Data saya ambil untuk tahun 2013 – yaitu data full year terbaru yang ada saat tulisan ini dibuat, dibandingkan dengan data sepuluh tahun sebelumnya. Hasilnya kemudian saya sajikan dalam bentuk table berikut.


Import Beberapa Bahan Pangan, diolah dari data BPS

Yang saya beri tanda merah adalah kategori red alert – yaitu peringatan darurat yang terkait dengan peningkatan kwantitas komoditi yang di impor atau kenaikan harga yang melebihi inflasi rata-rata kita.

Untuk kwantitas pembandingnya adalah pertumbuhan jumlah penduduk kita.
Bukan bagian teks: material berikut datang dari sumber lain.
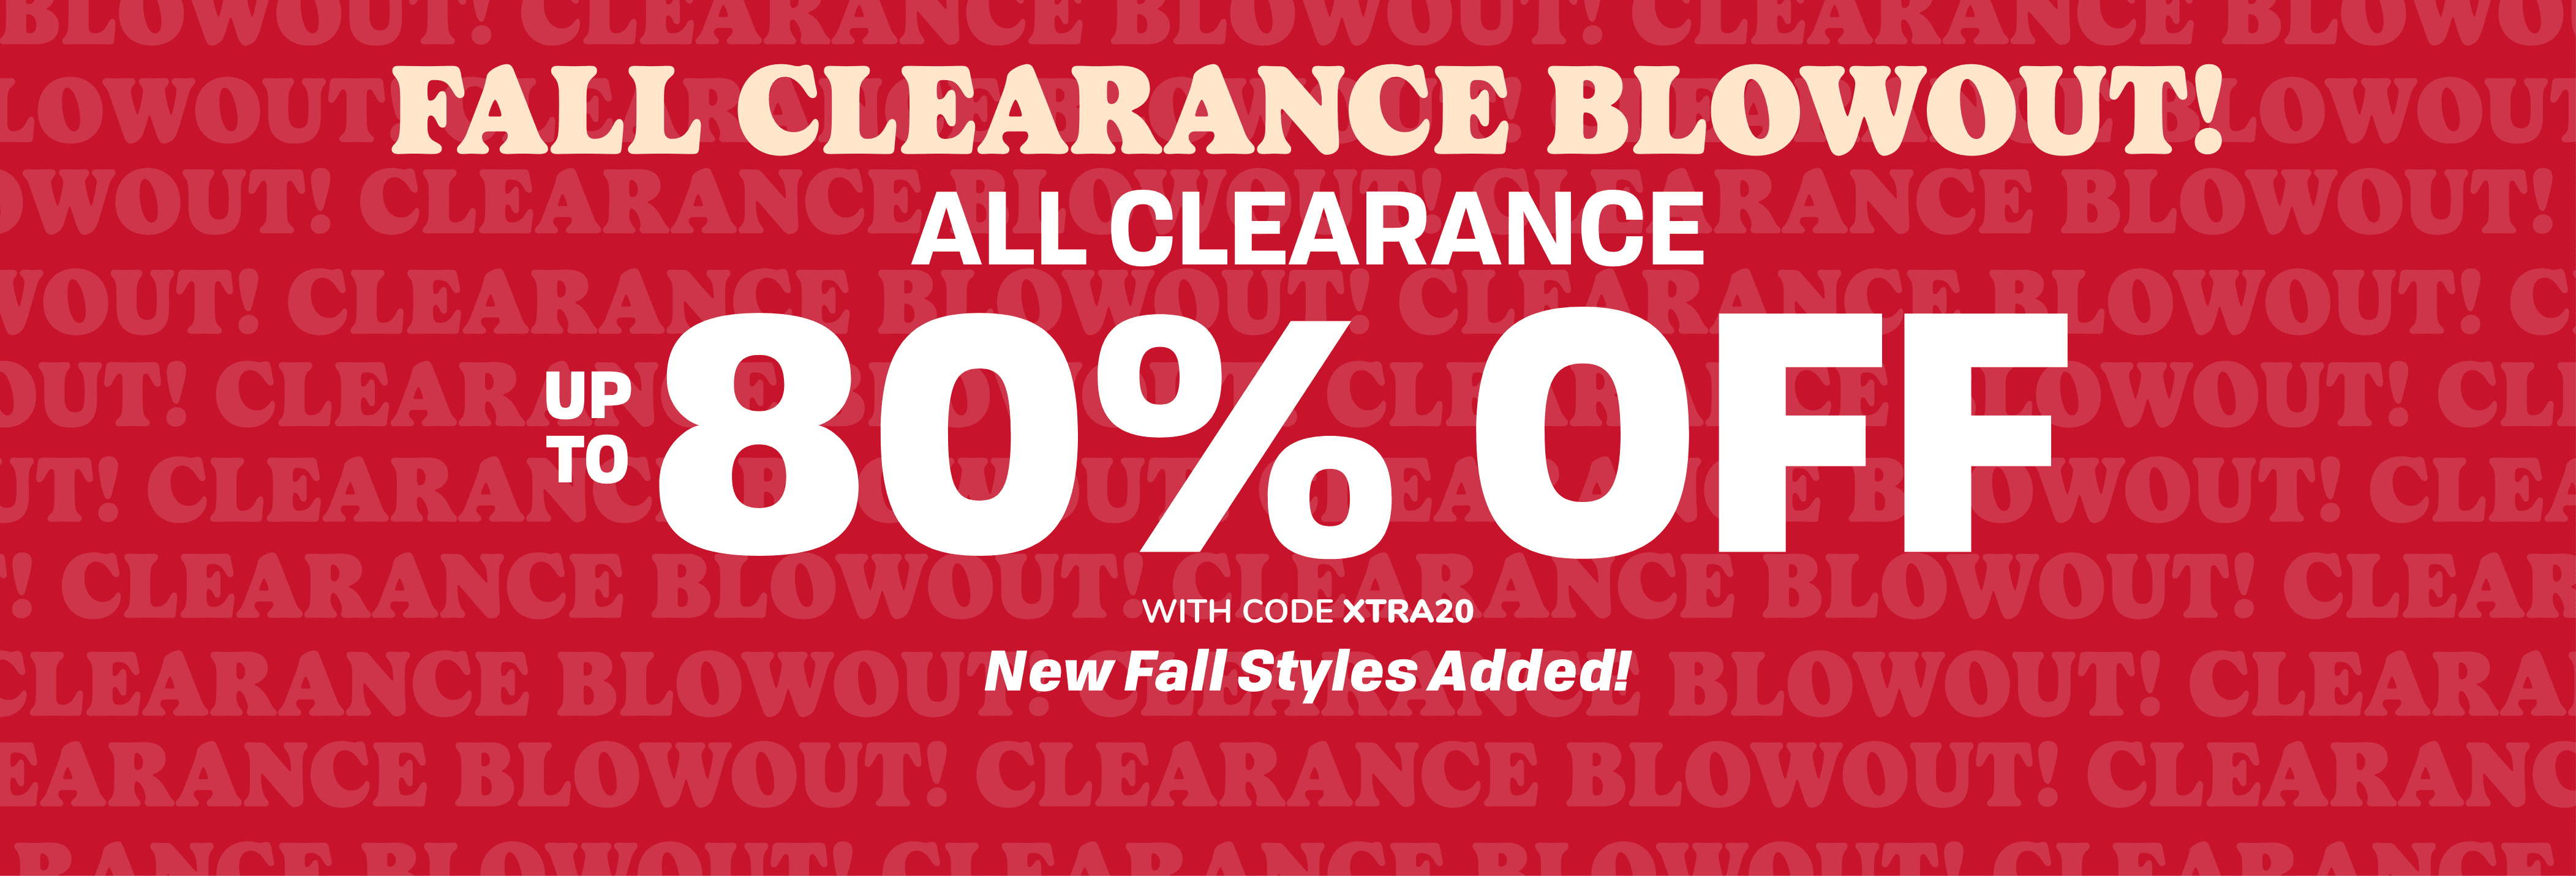 All Clearance 70-80% Off

Dengan jumlah penduduk kita 216 juta orang (2004) dan 244 juta (2013) atau mengalami pertumbuhan rata-rata 1.25% per tahun, maka seandainya pertumbuhan komoditi yang diimpor itu seiring dengan pertumbuhan penduduk – maka selama sepuluh tahun ini harusnya tidak bertambah lebih dari 13% secara kumulatif.

Untuk kenaikan harga, dengan asumsi inflasi rata-rata 6 % dalam Rupiah , mestinya kenaikan harga secara kumulatif 10 tahun terakhir tidak lebih dari 79%.  Dalam Dollar mestinya lebih rendah lagi dari ini karena tingkat inflasi Dollar yang lebih rendah dari Rupiah.
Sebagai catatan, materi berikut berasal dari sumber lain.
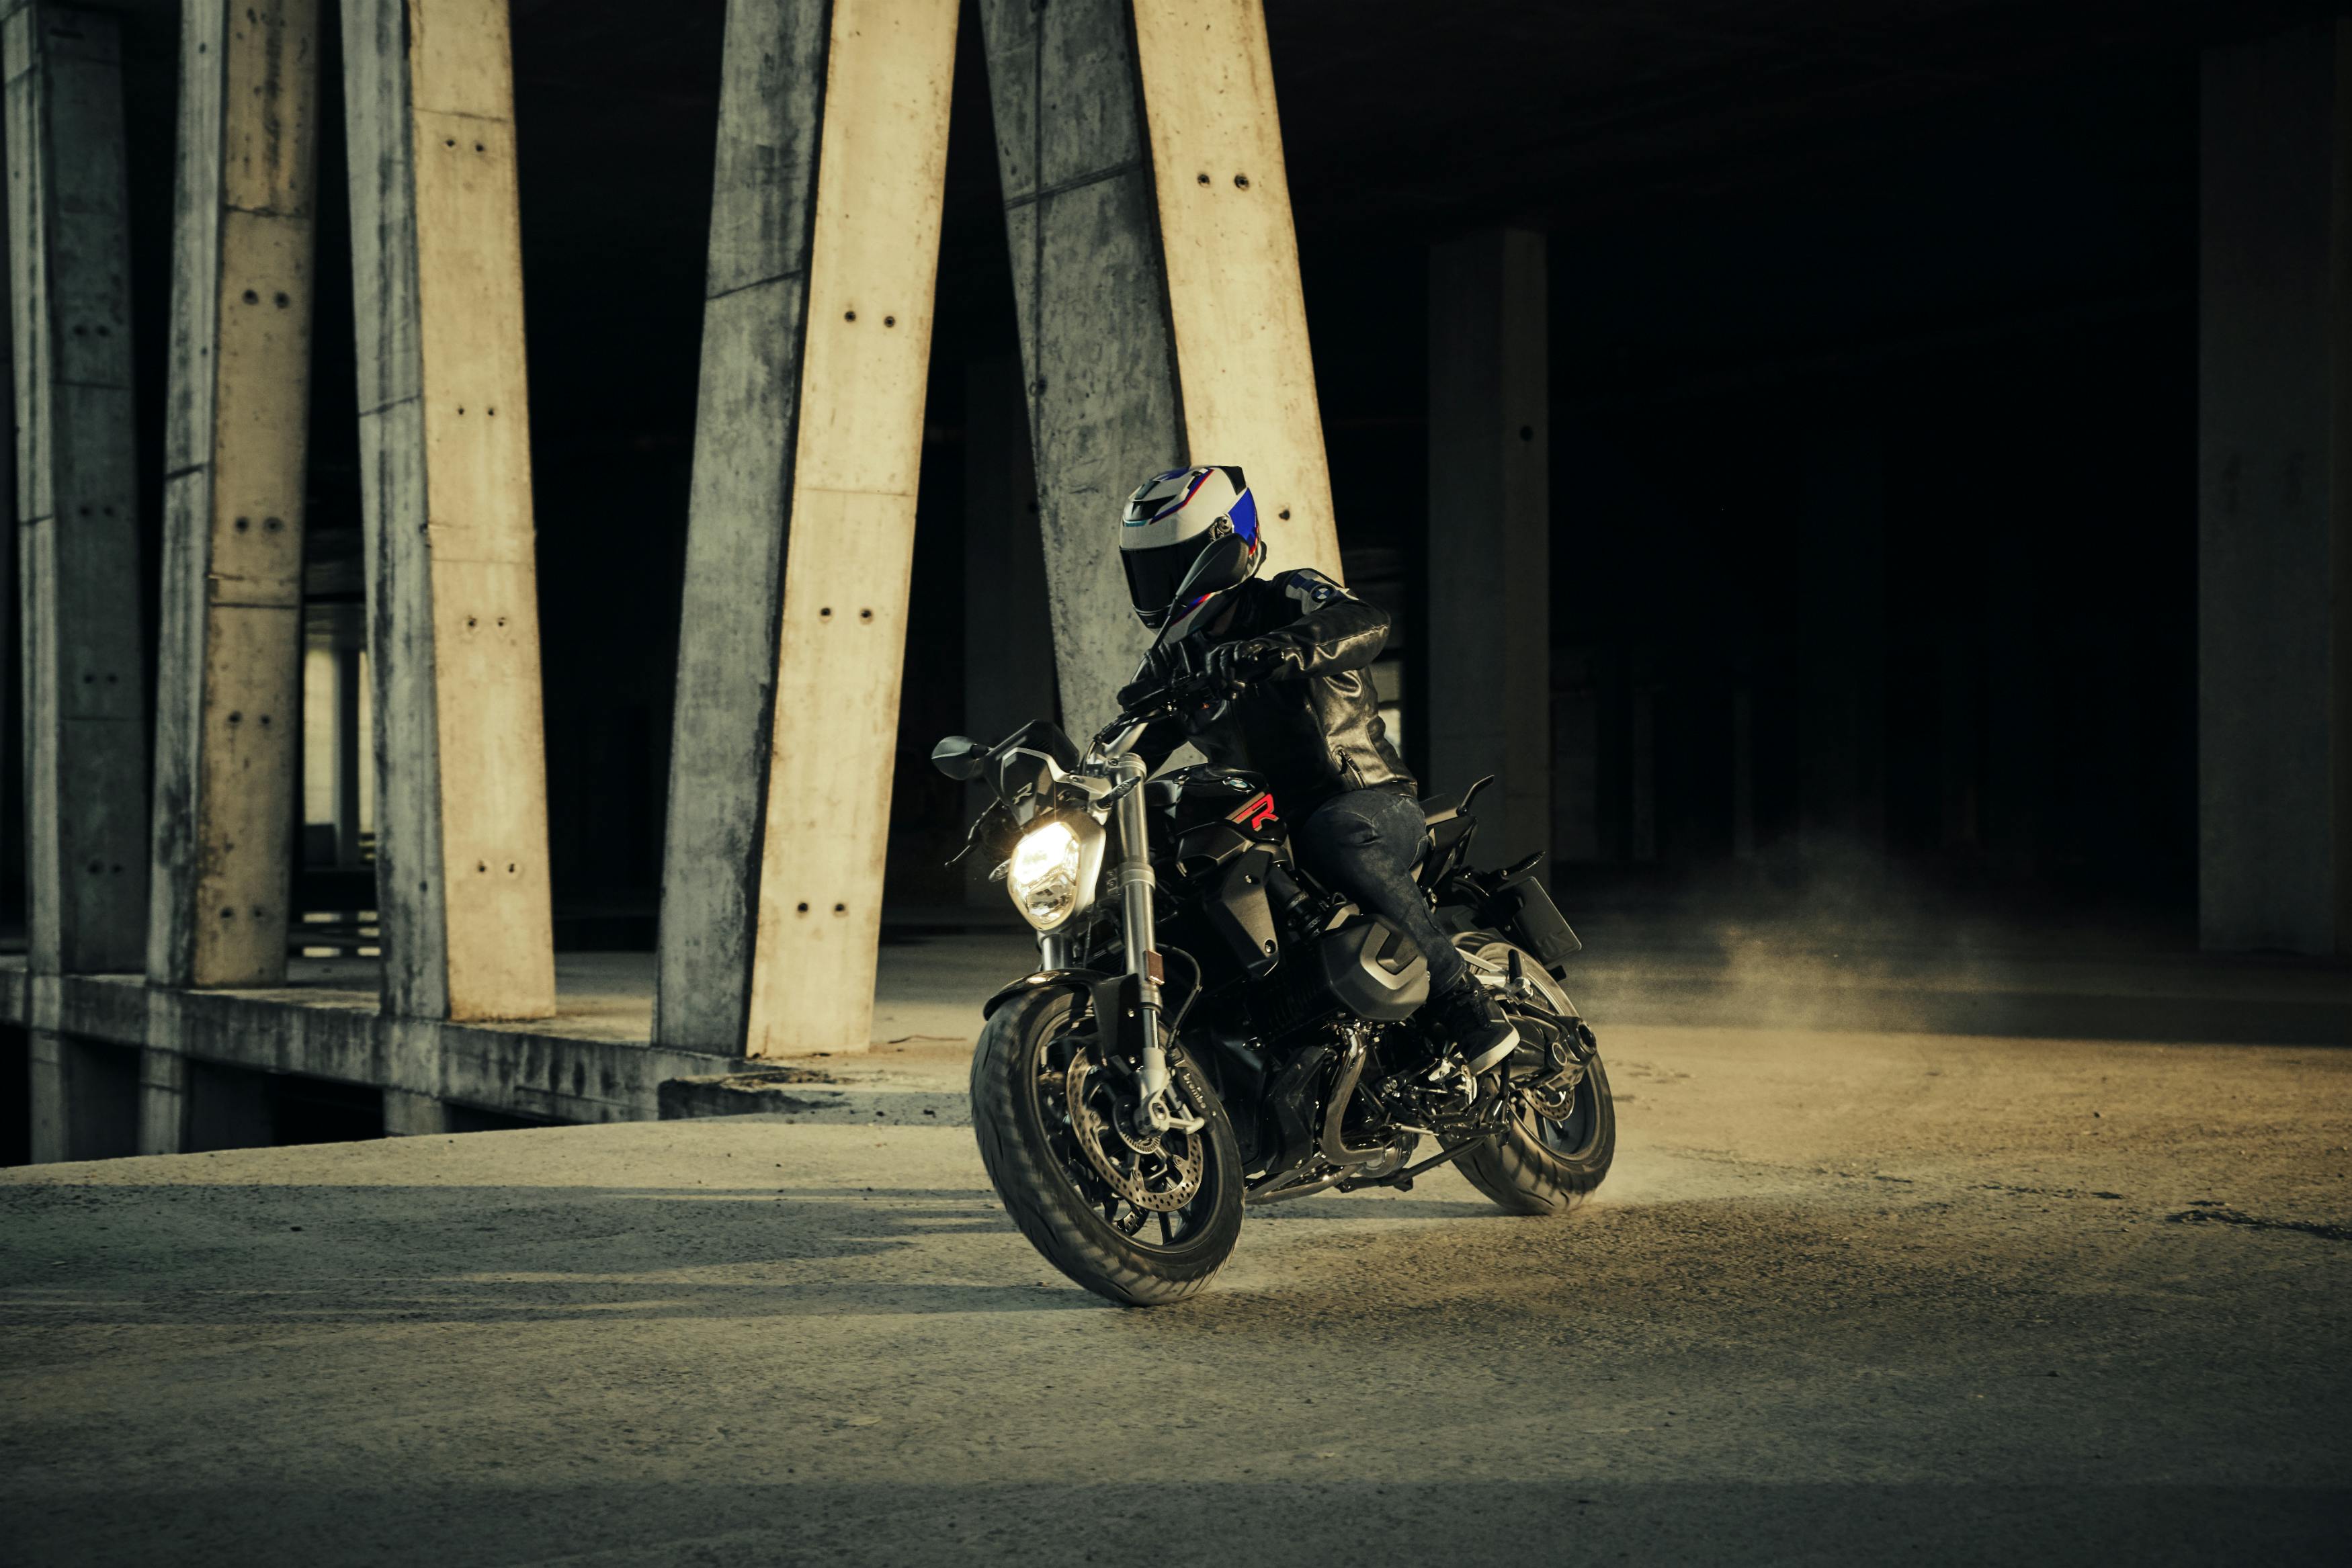 BMW R 1250 R EXCLUSIVE being ridden on the road

Dengan dua kriteria tersebut, kita lihat di table, hampir secara keseluruhan kwantitas dan harga mengalami kenaikan melebihi tingkat pertumbuhan penduduk maupun angka kumulatif inflasi sepuluh tahun terakhir.
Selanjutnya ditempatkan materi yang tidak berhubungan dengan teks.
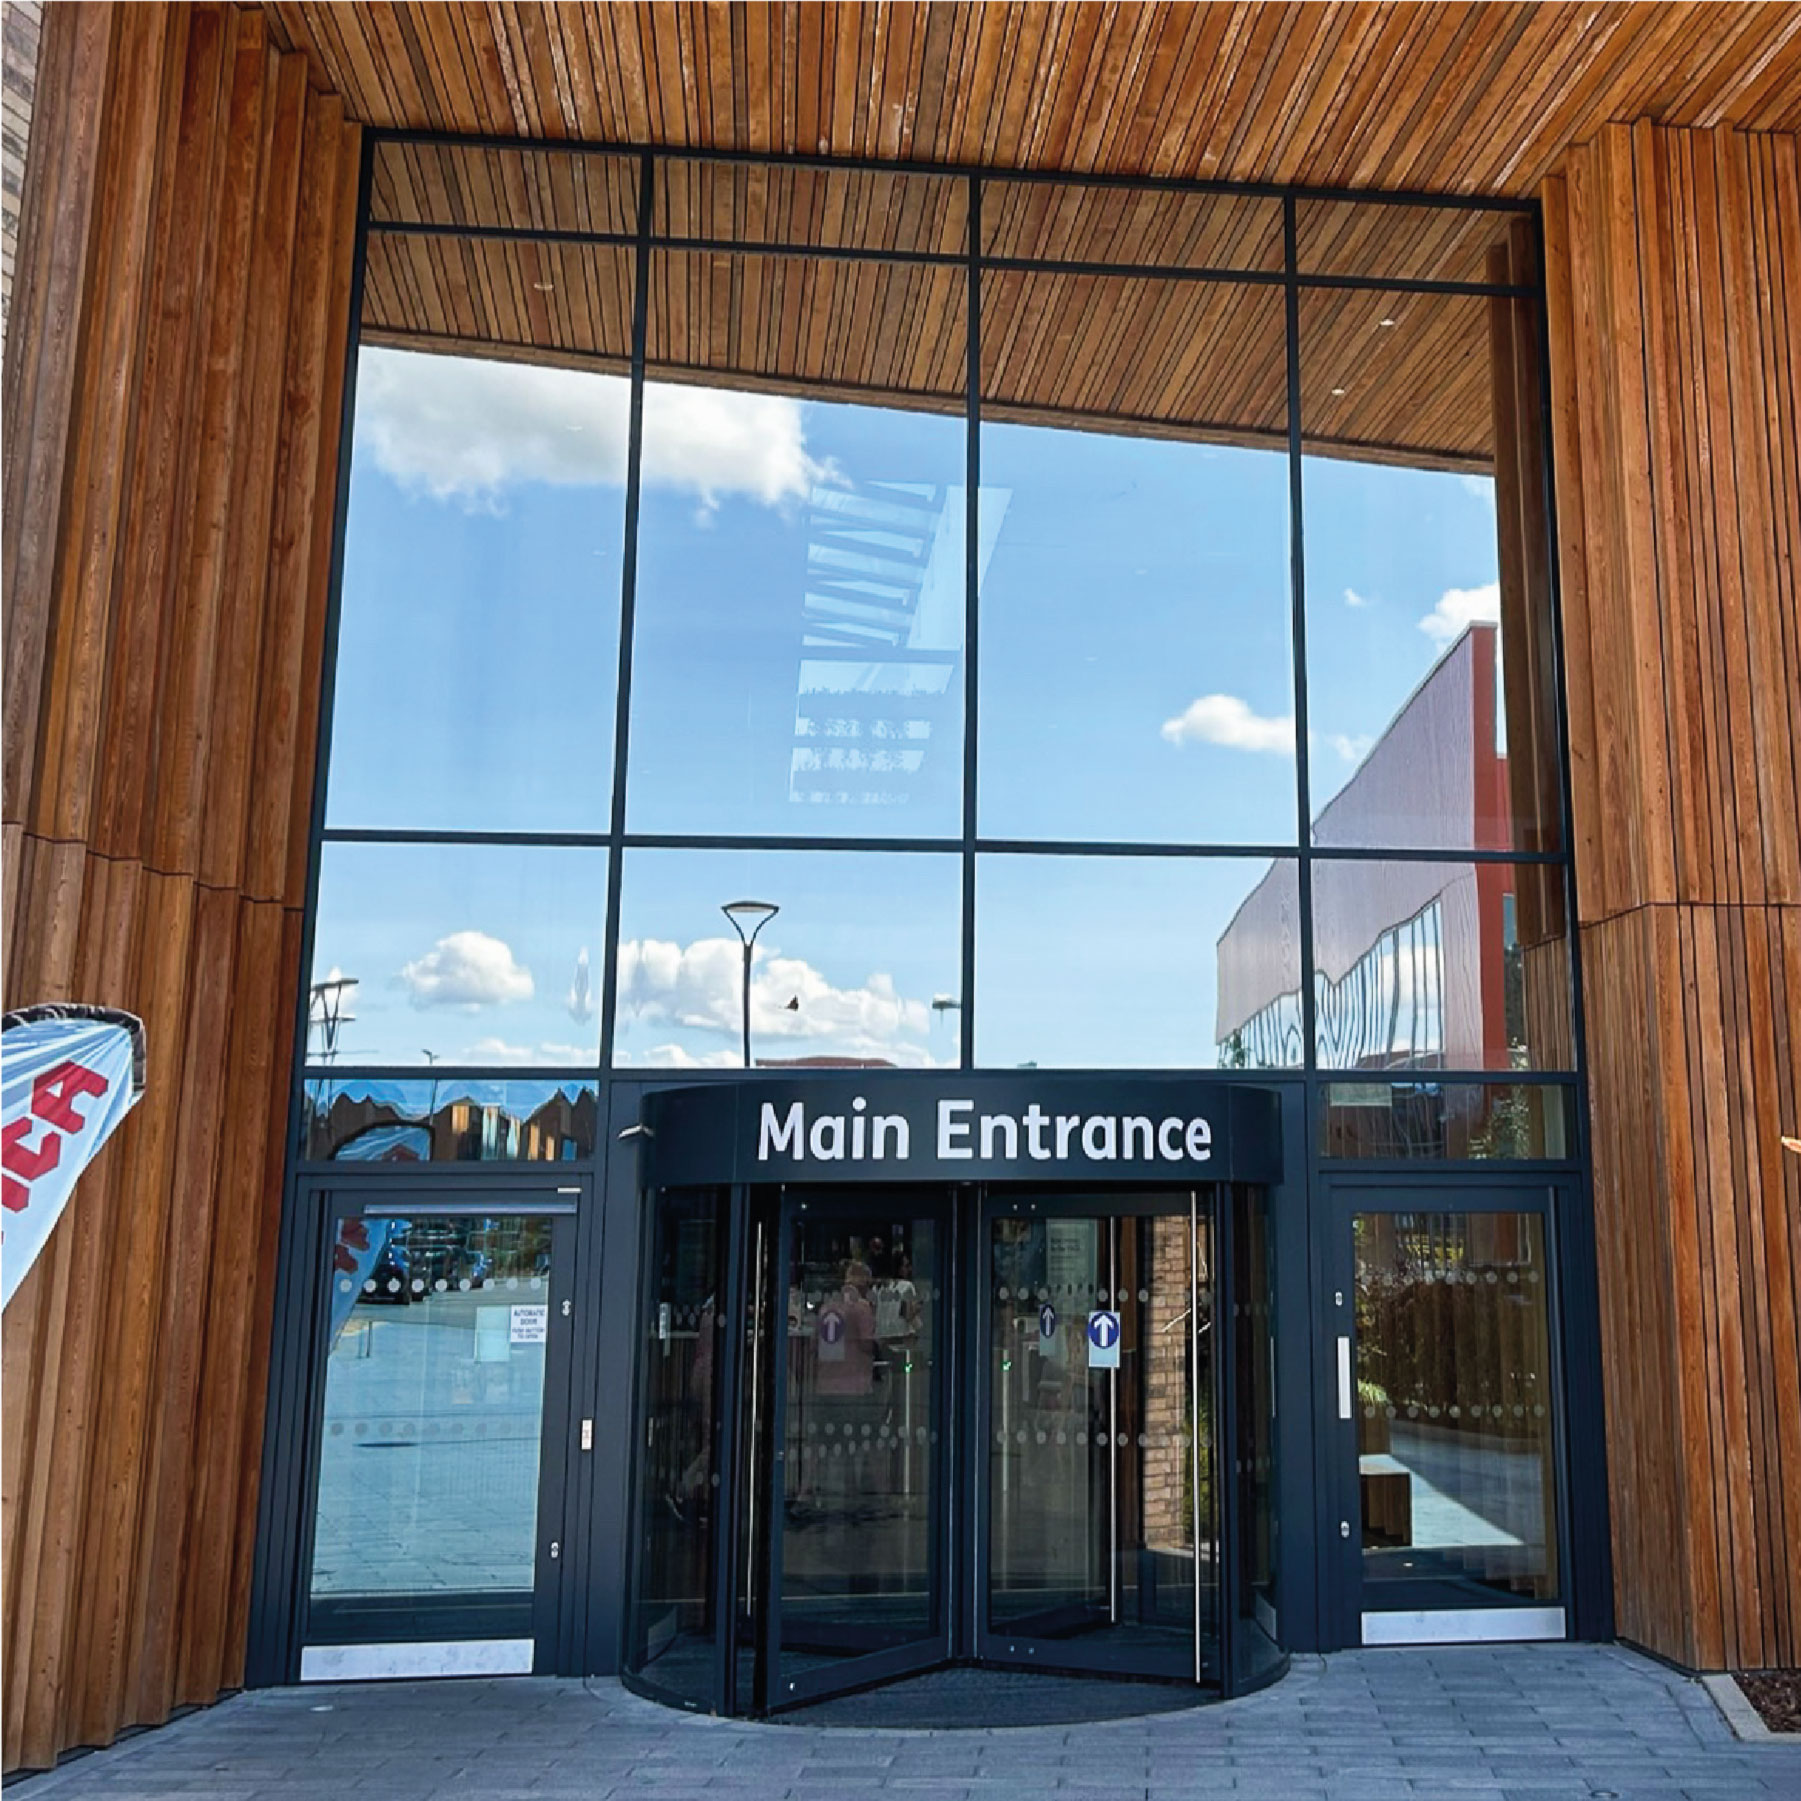 YMCA Main Entrance with a reflective film on the large windows above the door.

Hanya beras yang mengalami penurunan impor, ini sangat bisa jadi karena persepsi kita selama ini tentang swasembada pangan – ya swasembada beras tolok ukurnya – sehingga ya hanya beras ini yang dikejar. Padahal bisa kita lihat penghematan devisa dari penurunan impor beras itu sangat kecil bila dibandingkan dengan kenaikan impor bahan pangan lainnya.

Kemudian impor daging – yang karena high profile – juga nampak menurun, tetapi ini hanya karena pindah dari impor daging ke impor sapi hidup yang jumlahnya malah jauh lebih besar dibandingkan dengan penurunan impor daging.

Impor sayur dan buah-buahan juga tumbuh sangat tinggi meskipun kenaikan harganya masih lebih rendah dari inflasi rata-rata kita. Bisa jadi karena buah dan sayur impor ini relatif murah sehingga pasar kita dibanjiri oleh sayur dan buah impor.

Yang menarik adalah impor jagung, yang naik menjadi lebih dari dua kali lipat sepanjang sepuluh tahun terakhir. Bila kenaikan kebutuhan gandum, daging sapi, sayur dan buah melebihi jumlah pertumbuhan penduduk – ini karena dengan semakin makmur manusia lebih banyak membutuhkan makanan yang lebih enak dan berkwalitas – tetapi apakah rata-rata  kita juga makan jagung lebih banyak ?

Kemungkinan besarnya ini karena jagung dibutuhkan untuk memberi makan ternak kita khususnya ayam. Ketika kebutuhan daging ayam dan telur dalam negeri meningkat, maka jumlah kebutuhan jagung juga ikut meningkat.

Secara umum agka-angka dalam table tersebut di atas sebenarnya juga mensyiratkan suatu fakta bahwa kita semakin membutuhkan produk pangan dari luar dengan harga yang tumbuh jauh melampaui akumulasi rata-rata inflasi kita, kita semakin tergantung pada impor dan semakin tidak punya daya tawar.

Situasi ketergantungan pada bahan pangan impor ini tidak boleh terus berlanjut karena kalau kita tidak berdaulat dalam pangan, kita juga bisa kehilangan kedaulatan yang lain. Lantas apa yang seharusnya dilakukan oleh pemerintah kedepan ?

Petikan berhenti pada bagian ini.